Ruby Beach is rocky and rugged and built for exploring. Peep into tide pools and bring your camera along to get the best shot of the giant rock formations. Wear good shoes or sturdy sandals to explore as the beach is rocky. Keep an eye out for the rock cairns visitors tend to leave behind, or build your own to add to the cool atmosphere. Better yet, pair the beach with a stay at Kalaloch Lodge just 10 minutes south and add in some exploration of the Olympic National Park and other nearby shorelines.

06 of 07

Other Ocean Beaches

Olympic National Park Beach
Jordan Siemens/Getty Images

If you prefer a quieter beach, you’ll find most of Washington’s Pacific shoreline to be pretty laid back and isolated. Beaches perfect for those who want to stay in a small local lodge or go camping near the shore include Copalis Beach, Moclips, and Pacific Beach. These are also great locations to keep an eye on razor clam digs and other more natural pursuits.

Likewise, Olympic National Park is home to not just Ruby Beach, but others as well, including Mora and Rialto Beach and the Ozette Lake area. Don’t expect beach hotels and salt water taffy. Do expect sheer natural beauty.

07 of 07

Alki Beach

Alki Beach Images

Of course, not all beaches are along the Pacific Ocean.
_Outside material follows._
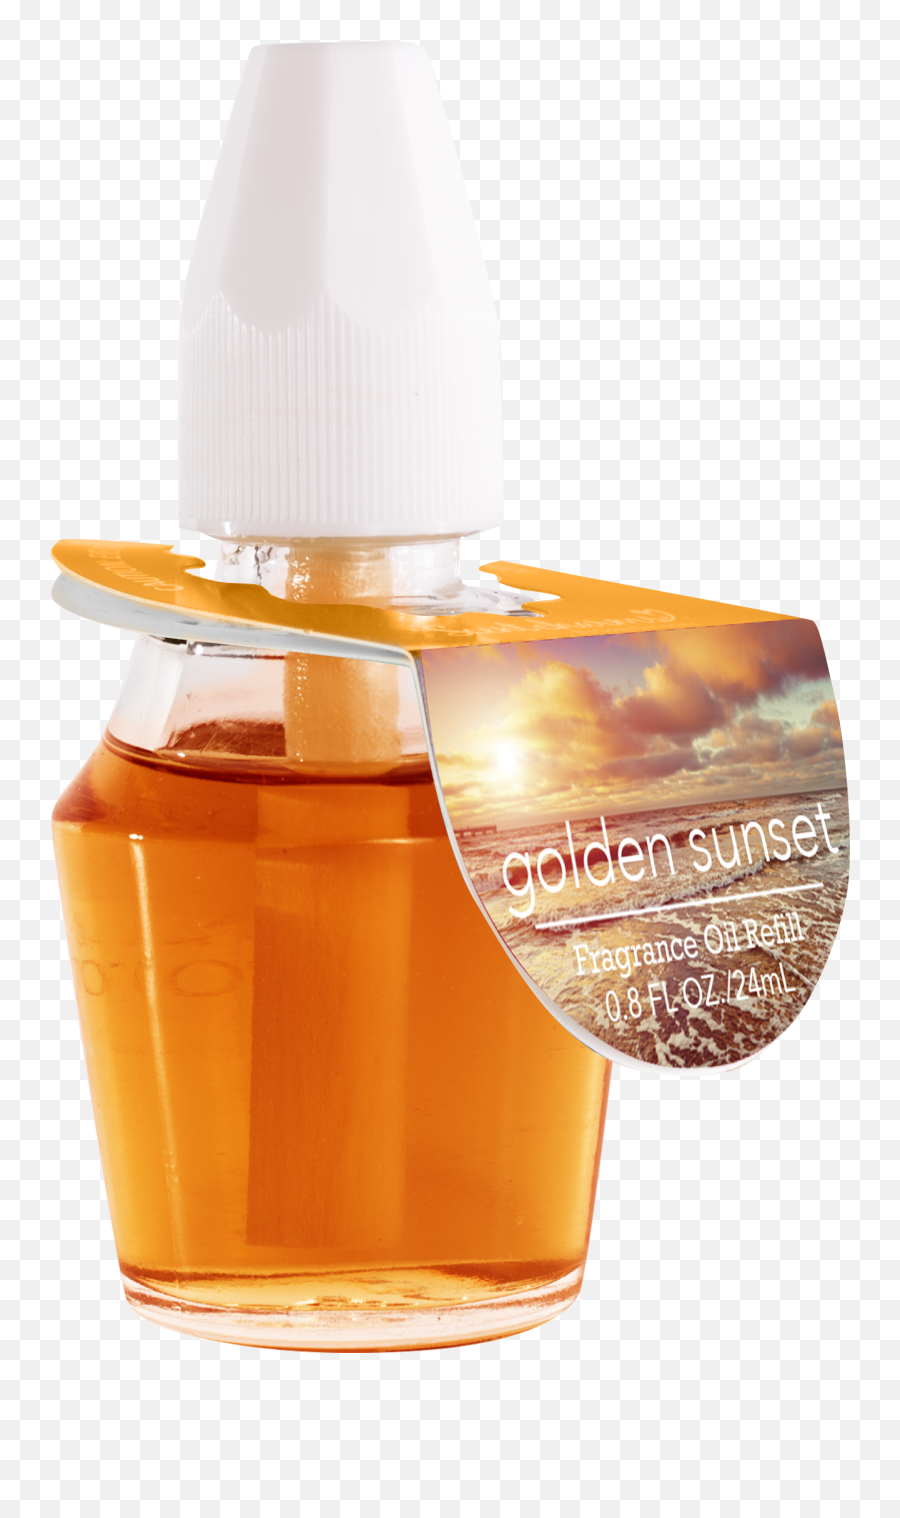 Golden Sunset Fragrance Oil Emoji,Sunset Png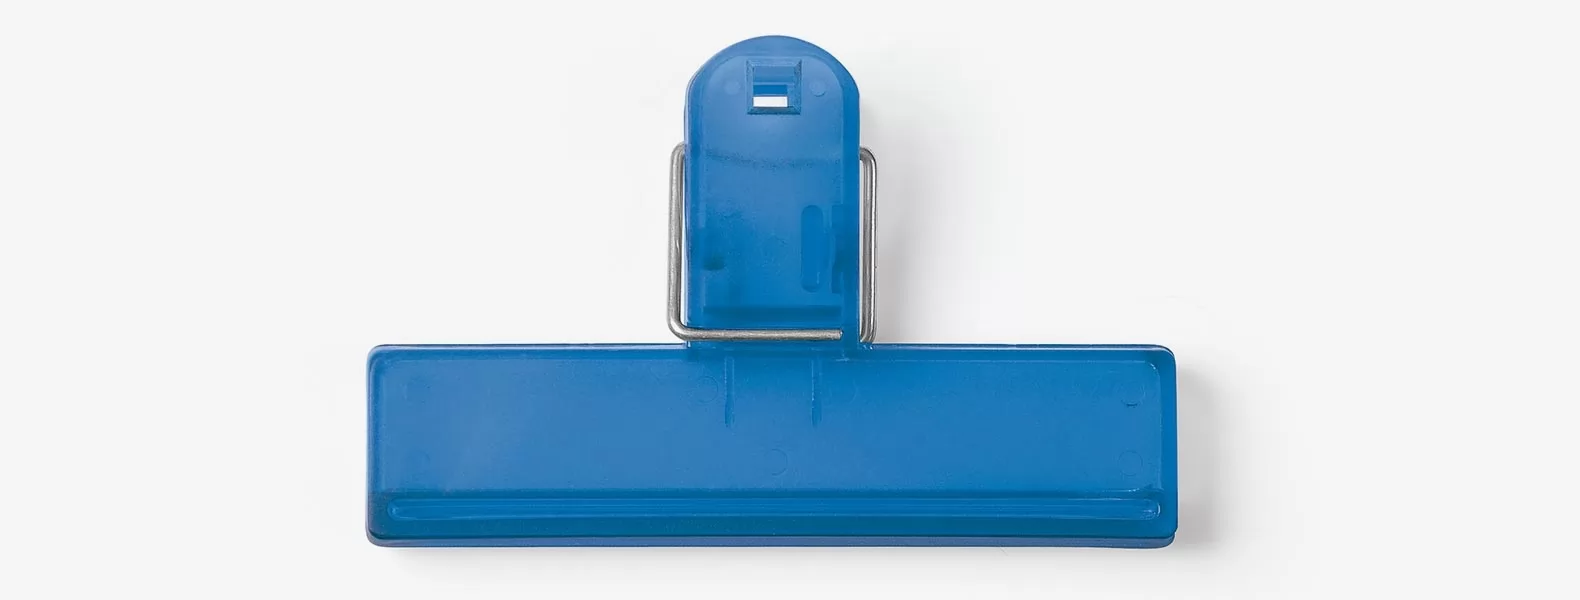 Prendedor De Embalagem Em Poliestireno - Azul

Seattle is home to one of the best urban beaches in the state: Alki Beach. The sandy stretch reaches 2.5 miles so there’s plenty of room for a waterfront walk either on the sand or along the paved path nearby. Just like the ocean beaches, the Puget Sound is pretty chilly at 46 to 56 degrees year round, so swimming is not likely at the top of anyone’s list, but the sandy beach is perfect for a game of volleyball, sunbathing or exploring.